Что могут сделать люди в ответ: бежать.
Лестничные перила горят, коридор второго этажа превратился в гудящую огненную трубу, но мокрые ступеньки еще упорствуют, держатся, еще не желают умирать. Прихожая наполнена едким дымом до краев, до самого потолка, но огня пока нет, он весь остался у них за спиной, потому что дом огромен, и даже очень голодному огню нужно время, чтобы сожрать его целиком; и это значит, у них есть фора. Небольшая, чтобы только нащупать дверь и вывалиться наружу прежде, чем неразборчивая стихия доберется до них и проглотит просто так, заодно с дубовым паркетом, бумажными обоями и сушеными оленьими головами. Равнодушно, не лично, не чувствуя вкуса. Да, у них в самом деле есть фора, но семь человек – слишком много для крошечной каморки, туго набитой куртками, обувью и паникой, где нет ни света, ни окон, ни воздуха, ни надежды. Запертые каждый внутри своего персонального страха, они бьются, как рыбы в тесной банке, толкаются и топчут друг друга. И когда тяжелая дверь все-таки распахивается, выплевывая наружу тромб копоти и жара, это происходит не оттого, что им удалось взять себя в руки; просто Петя, чернолицый и дымящийся, наконец оставил свою обреченную битву и вернулся за ними.
– Сюда! – кричит он. – Быстро, ну!
Облегчение наступает сразу же, в двадцати шагах от крыльца. Грязные, покрытые ожогами, по колено в раскисшей копченой слякоти, они обнимаются, и смеются, и плачут, и говорят все разом; они уже снова люди. Избежавшие смерти, получившие свои жизни обратно, как незаслуженный подарок. Отель умирает мучительно и громко, испуская в небо столб жирного черного дыма, как последнюю просьбу о помощи, но им все равно. Их радость абсолютна, не отравлена болью, какую обычно испытывают люди, на глазах у которых гибнет в огне любимый дом, набитый воспоминаниями и драгоценными мелочами, выстраданный и прекрасный плод многолетних стараний, повторить которые уже, возможно, не хватит сил. Они не погорельцы, они просто спаслись из пожара; для них все закончилось спасением. Этот страдающий дом – чужой, им его не жаль. А содержимое брошенных внутри чемоданов – всего лишь ворох тряпок, паспорта и зубные щетки. Ничтожная жертва, которой легко пренебречь.
– Где ты был?! – кричит Таня, зареванная и распухшая. – Где! Черт бы тебя побрал совсем, Петька, я тебя искала, десять дверей раскурочила, ну какой же ты гад!..

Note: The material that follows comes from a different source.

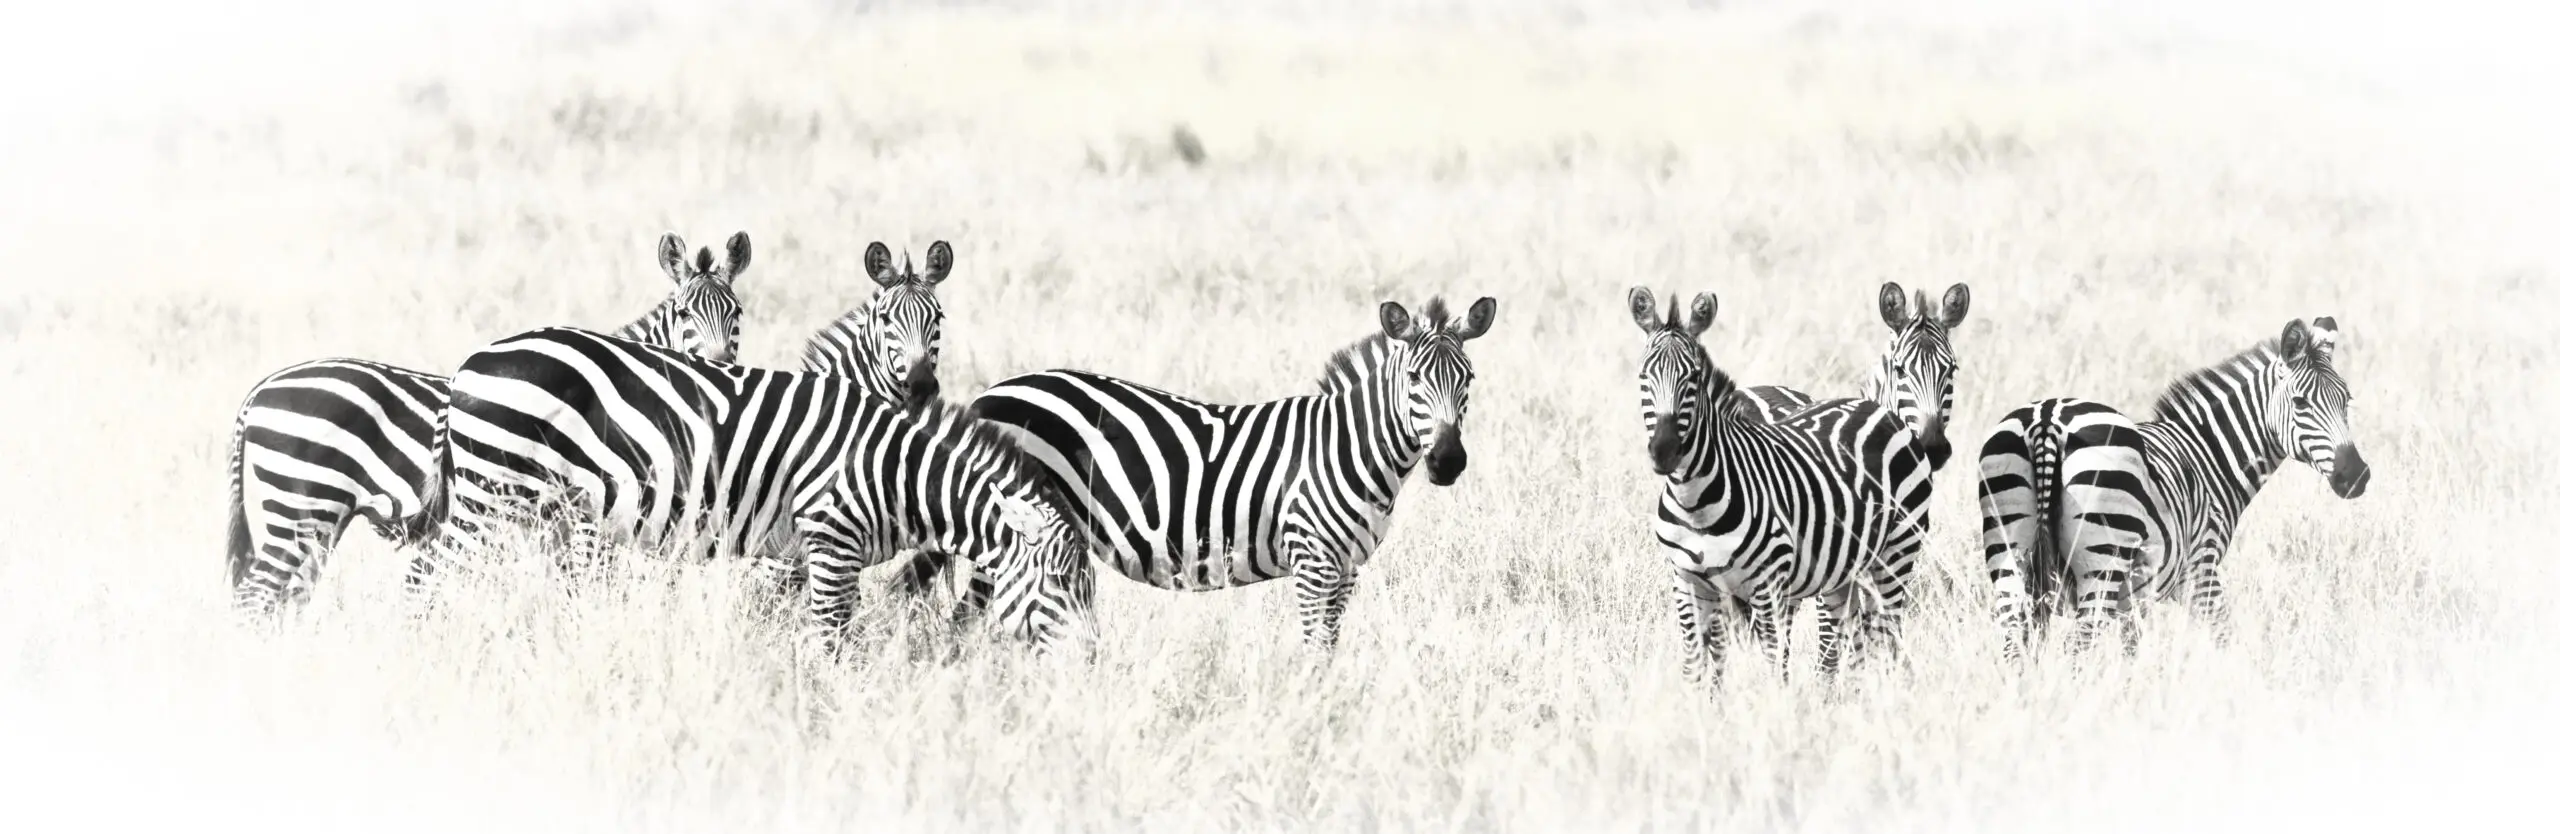 Wandbild (3148) Zebra Crossing präsentiert: Tiere,Natur,Landschaften,Afrika,Wildtiere,Aus Afrika,Pferde

– Всё, всё, ну хватит, – шепчет Лиза и гладит сердитую Танину спину, обугленное Петино плечо, мокрую Егорову щеку, и думает: я жива, я вернусь и увижу их, я вернусь; и тянется, чтобы отыскать девочку, перепуганную, рыдающую, и цепляется за нее, чтобы не упасть.
– Не плачь, детка, – говорит Лиза. – Не надо. Теперь все хорошо будет, обязательно, теперь точно.
– Я испугалась, так испугалась, – причитает Лора внутри золотых объятий, колется острыми локтями. – Мы проснулись, а все горит, а мне же нельзя умирать, понимаете? Мне надо домой.
– Теперь-то они точно прилетят, Лиз, ты слышишь, Лиз? – зовет Вадик, раскидывает руки в стороны и хохочет, как спятивший цирковой конферансье. – Смотри! Зарево какое, эту гребаную гору теперь из космоса видно, она ж теперь как Везувий! Последний, мать его, день Помпеи, а? Ну, что я говорил? Сюда через полчаса весь город прилетит! Черт, надо было подпалить здесь все к херам собачьим с самого начала!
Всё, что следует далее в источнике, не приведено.